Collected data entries

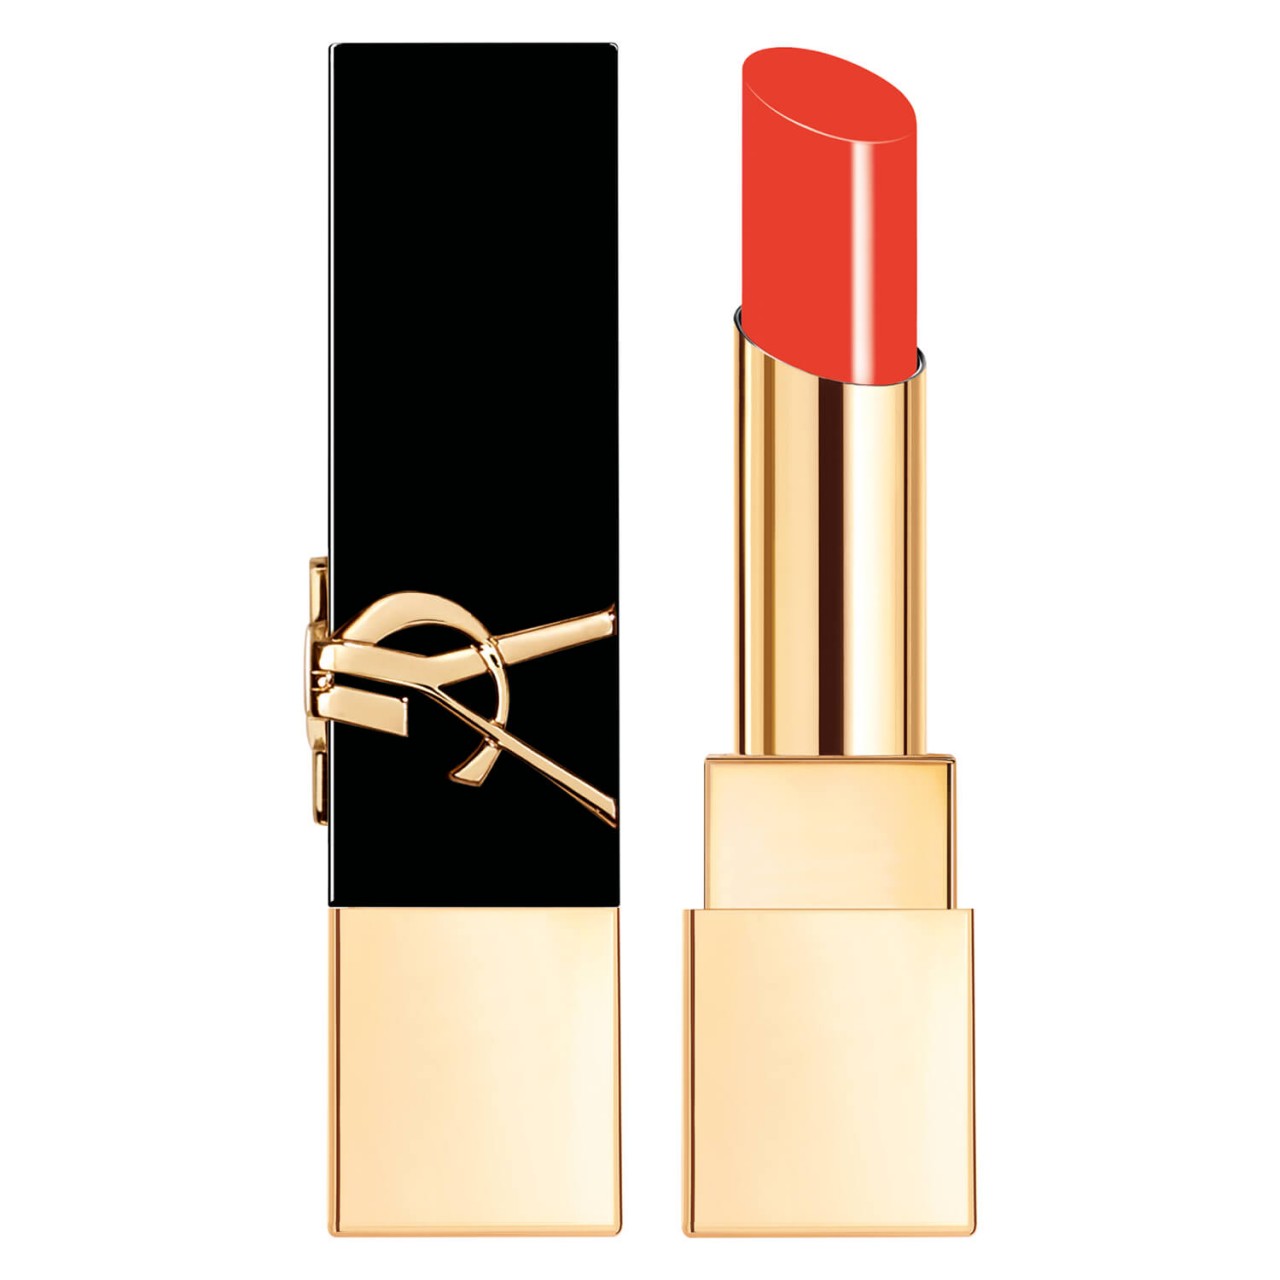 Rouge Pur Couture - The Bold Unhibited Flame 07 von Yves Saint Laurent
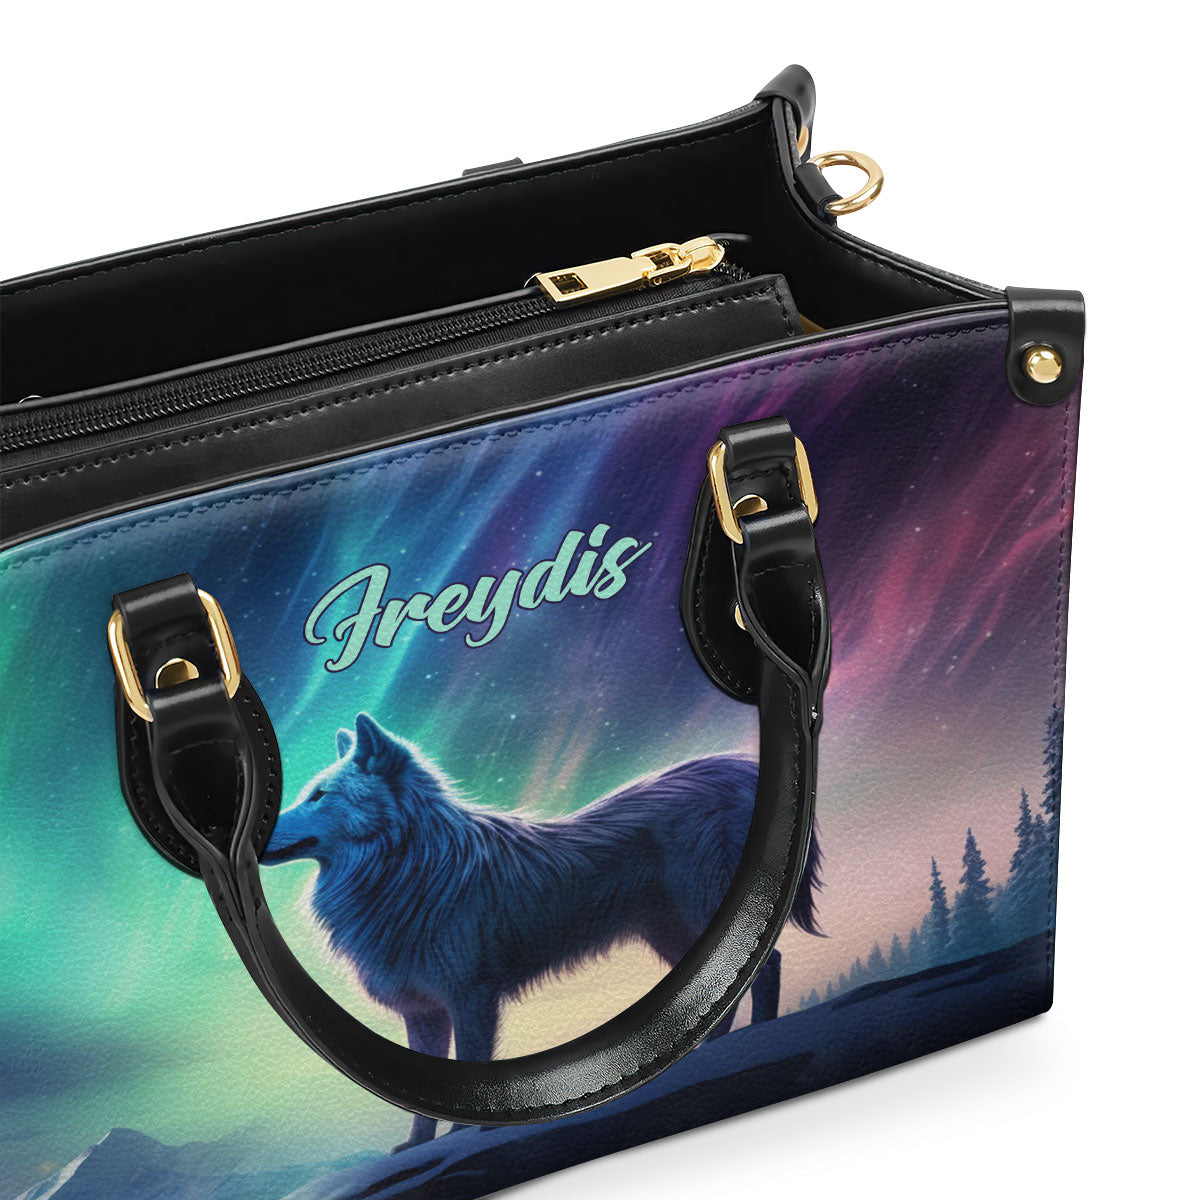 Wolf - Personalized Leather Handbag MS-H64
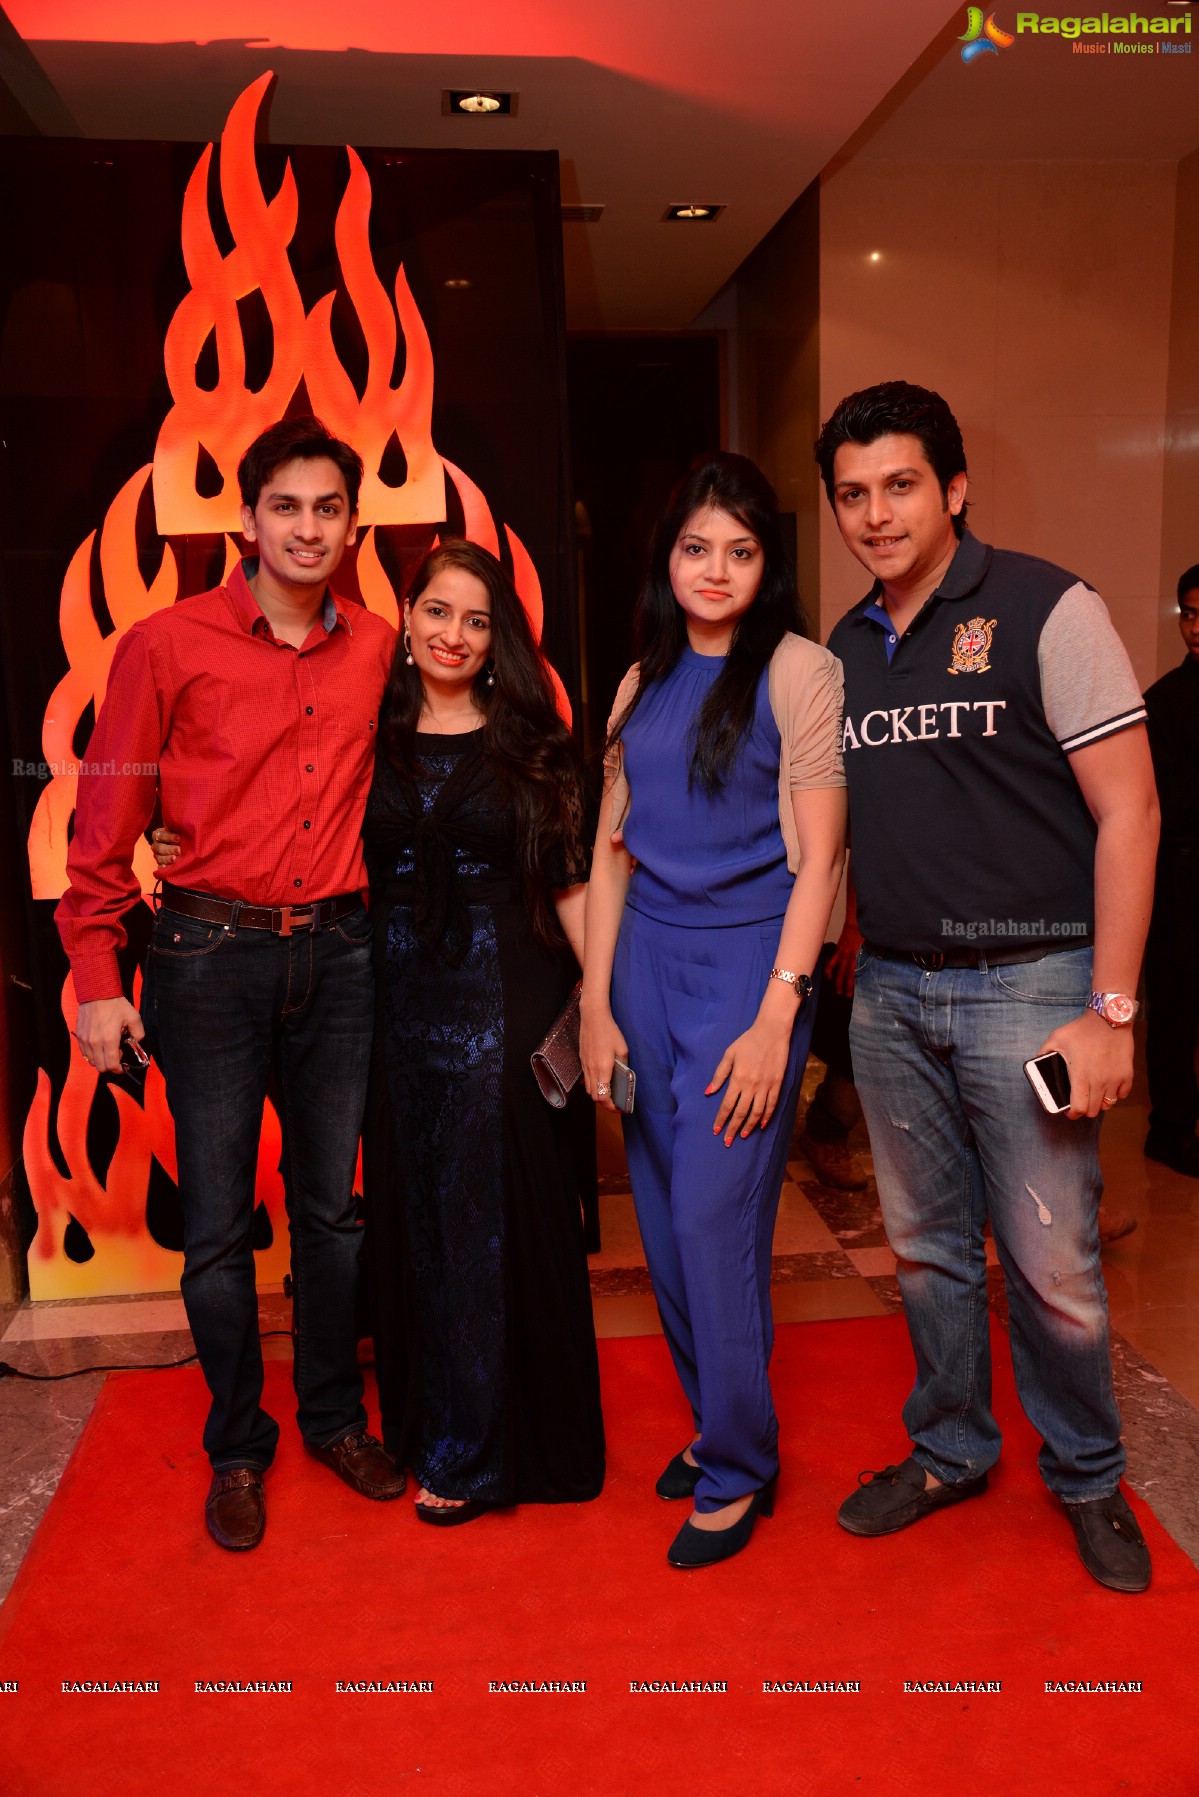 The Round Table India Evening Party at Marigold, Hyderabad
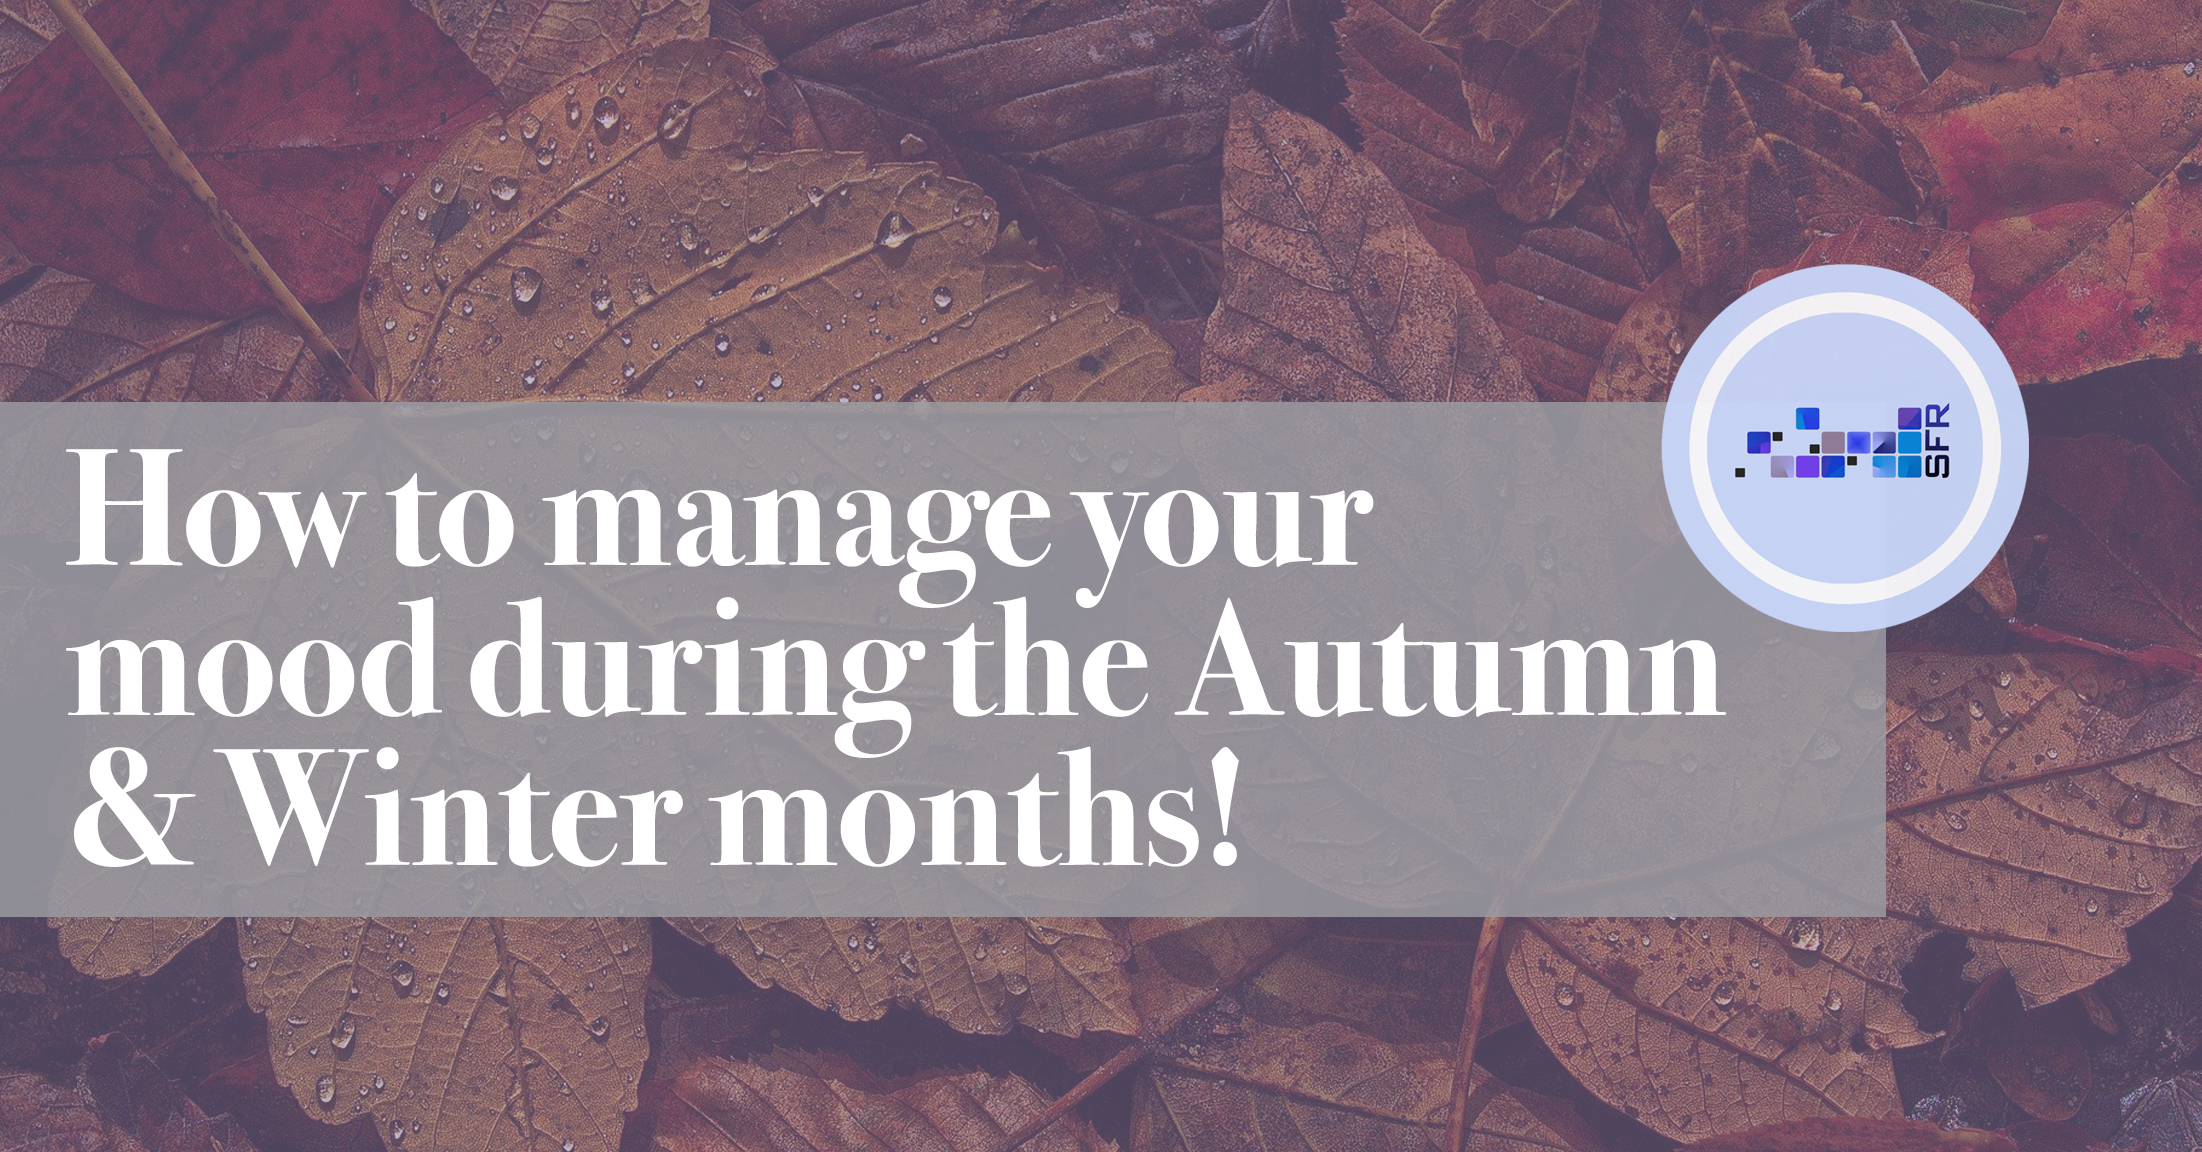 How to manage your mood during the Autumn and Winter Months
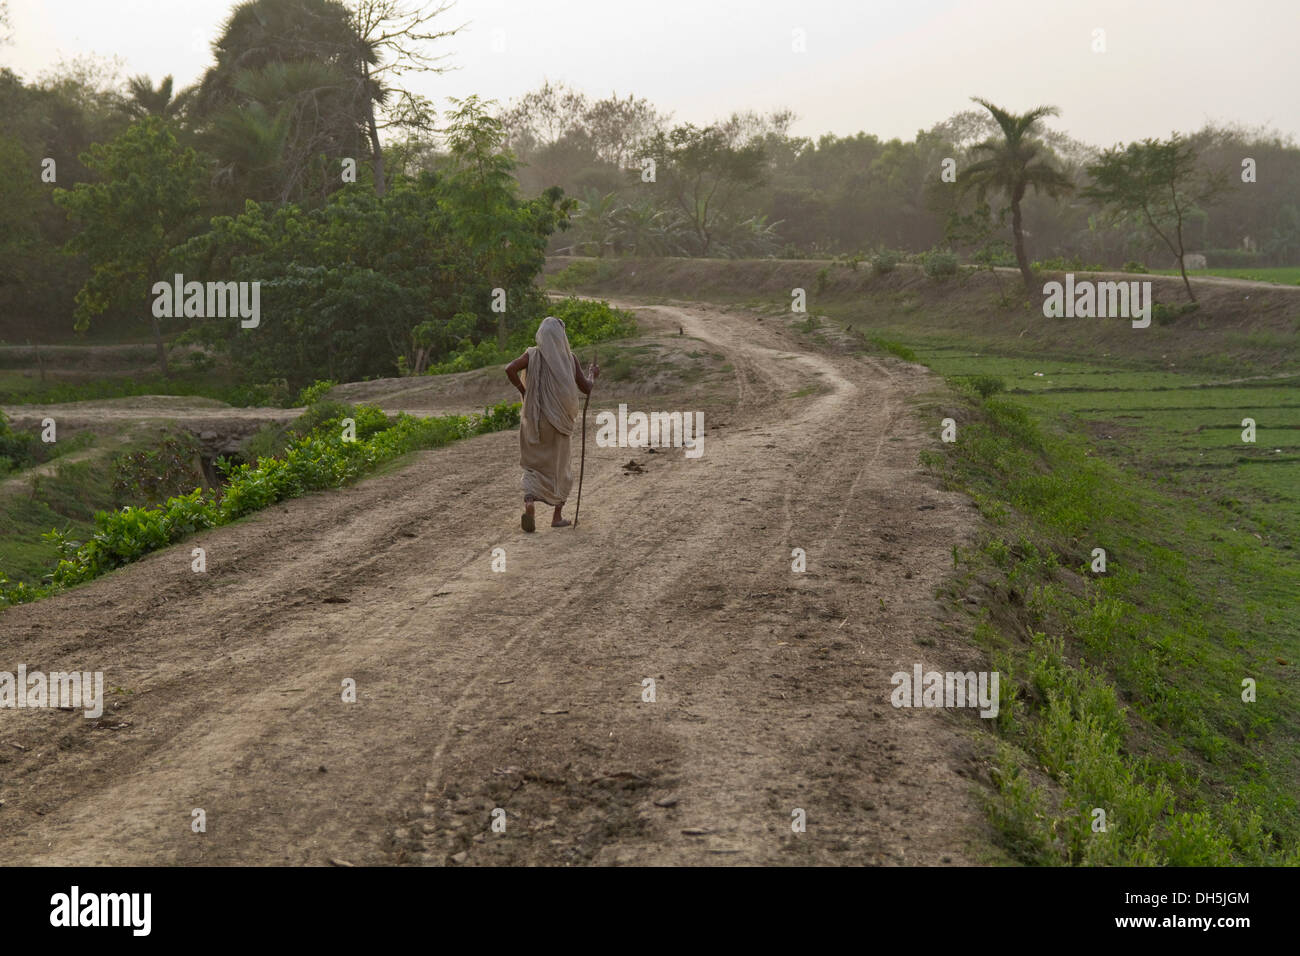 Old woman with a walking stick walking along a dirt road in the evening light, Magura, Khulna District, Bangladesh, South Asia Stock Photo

TASK GOAL>
Return every entry word for word, but drop any pictures.

REPLY TO THE EXERCISE>
 Rouge Pur Couture - The Bold Unhibited Flame 07 von Yves Saint Laurent
 Wolf - Personalized Leather Handbag MS-H64
 The Round Table India Evening Party at Marigold, Hyderabad
 How to manage your mood during the Autumn and Winter Months
 Old woman with a walking stick walking along a dirt road in the evening light, Magura, Khulna District, Bangladesh, South Asia Stock Photo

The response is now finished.